__PROBLEM REQUIREMENTS__. Each line below must be set down exactly; omit any image you find.

__MATERIAL PROVIDED__.
——————————

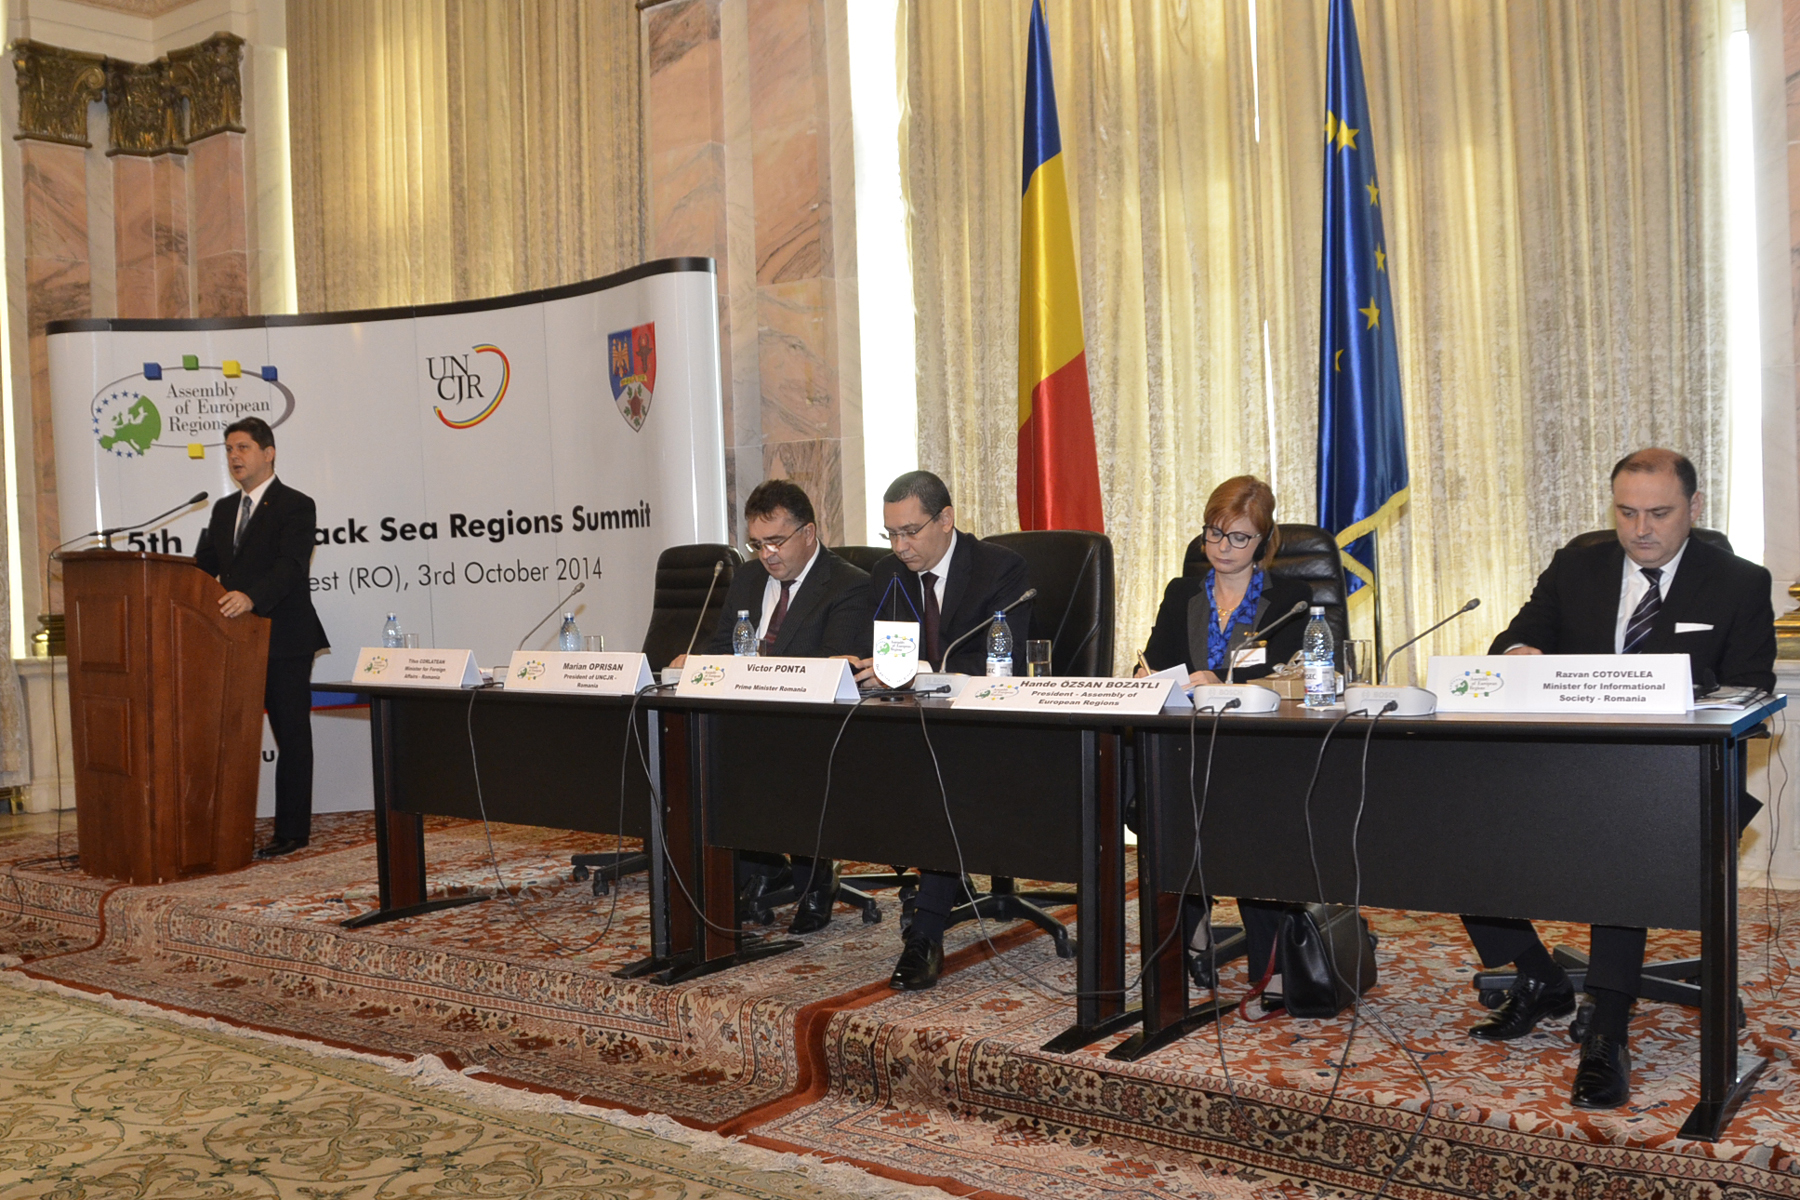 Photo credits: Romanian Ministry of Foreign Affairs
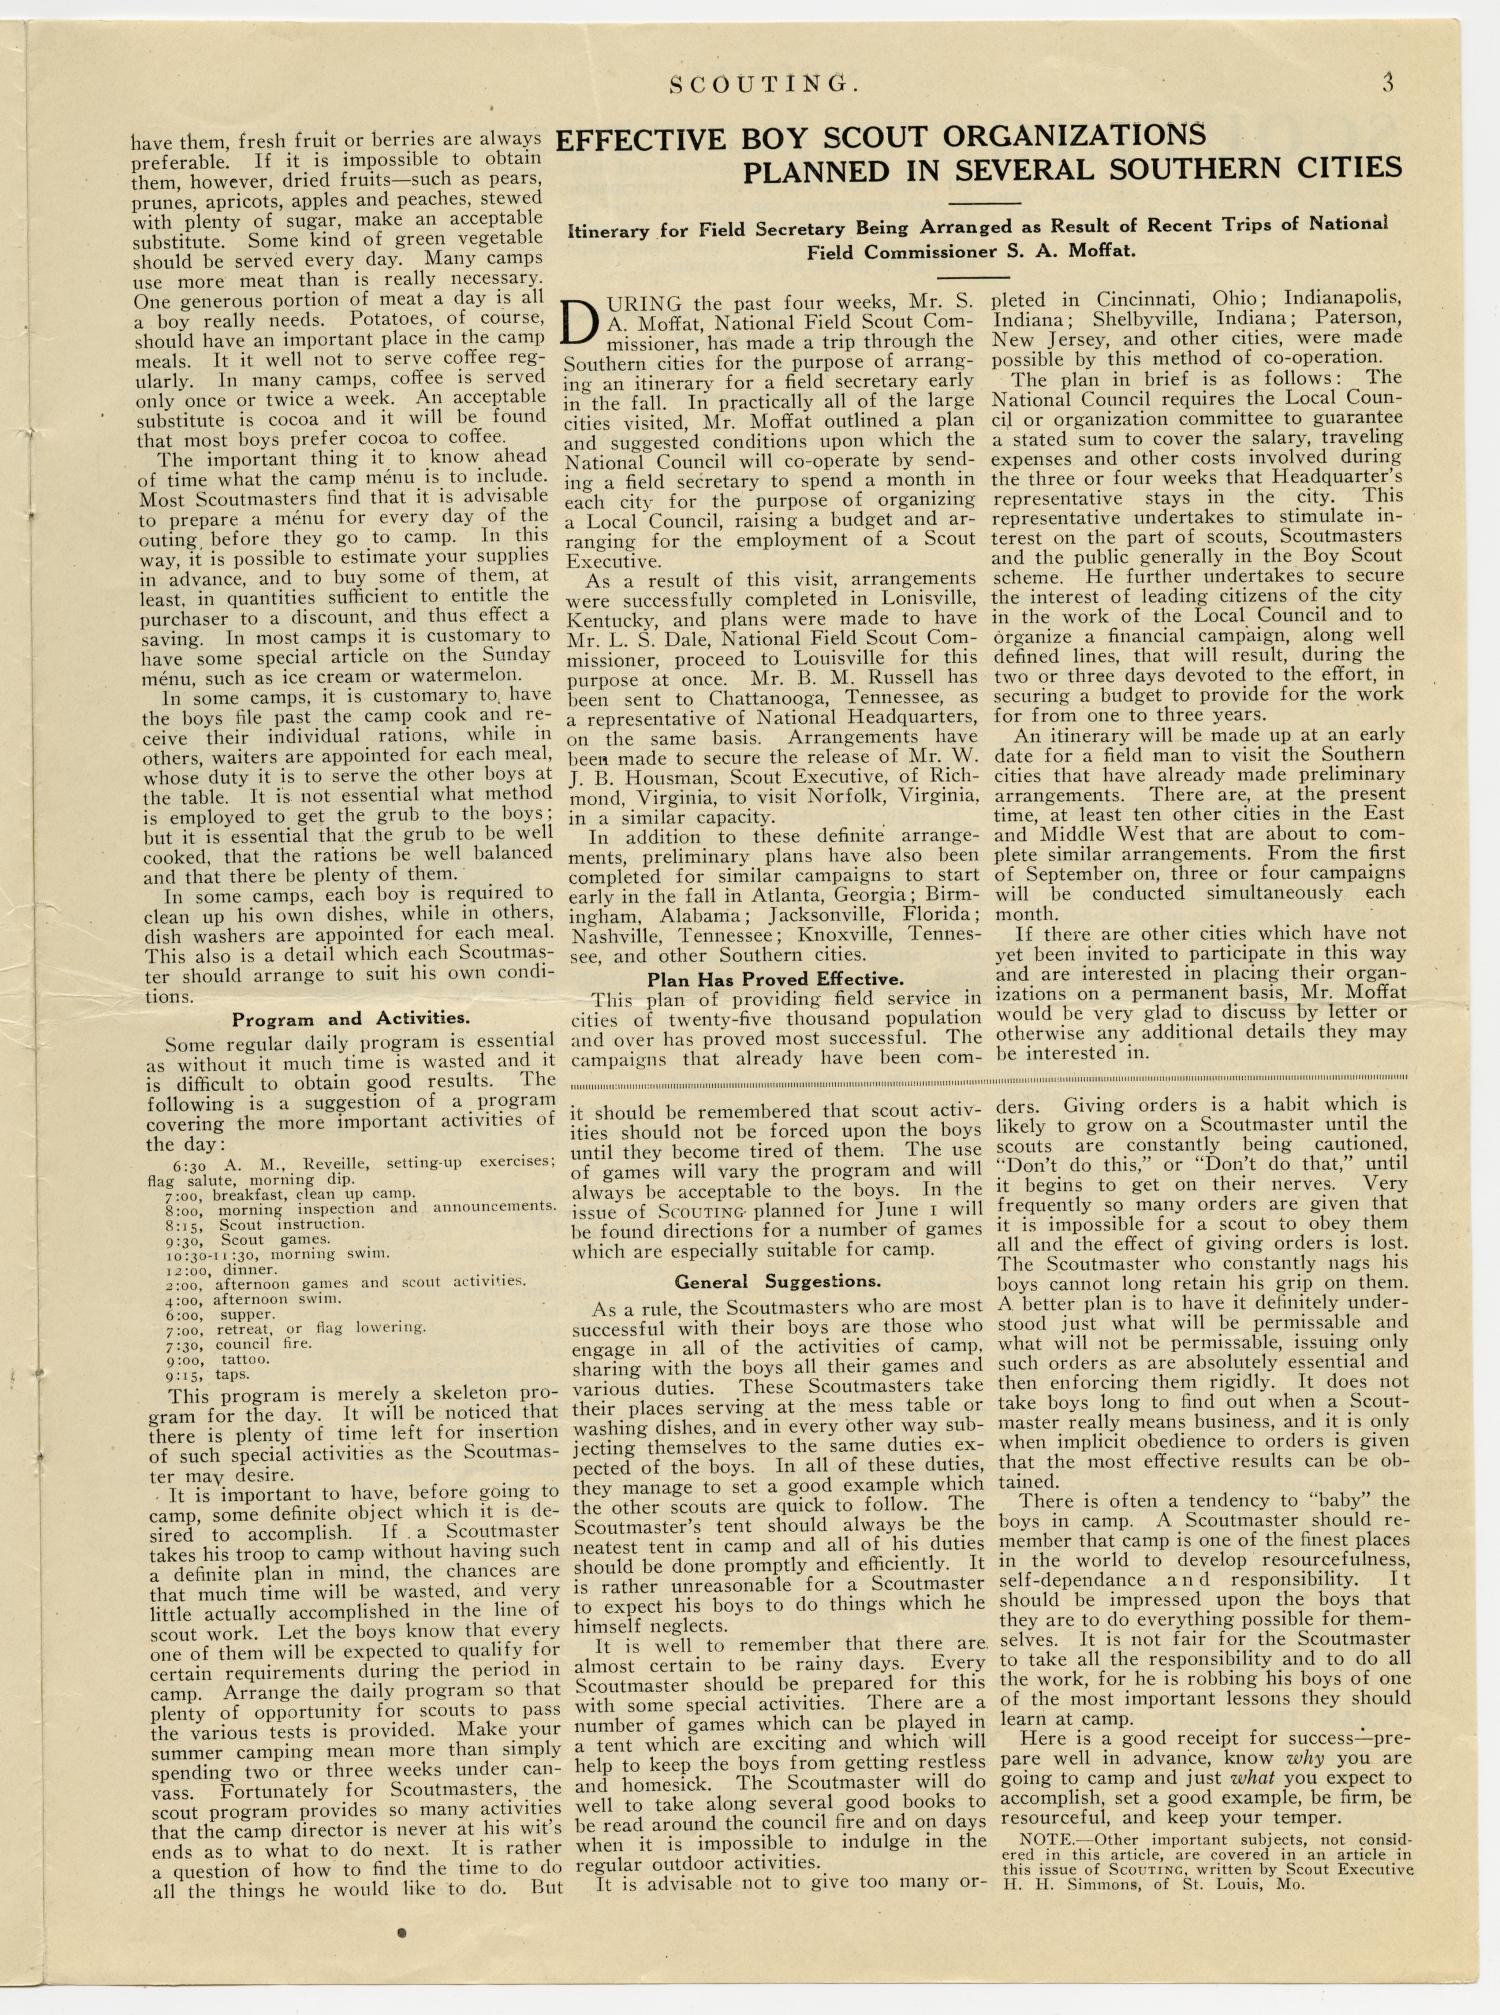 Scouting, Volume 3, Number 2, May 15, 1915
                                                
                                                    3

——————————

__COMPLETED TASK__.
 Photo credits: Romanian Ministry of Foreign Affairs
 Scouting, Volume 3, Number 2, May 15, 1915
                                                
                                                    3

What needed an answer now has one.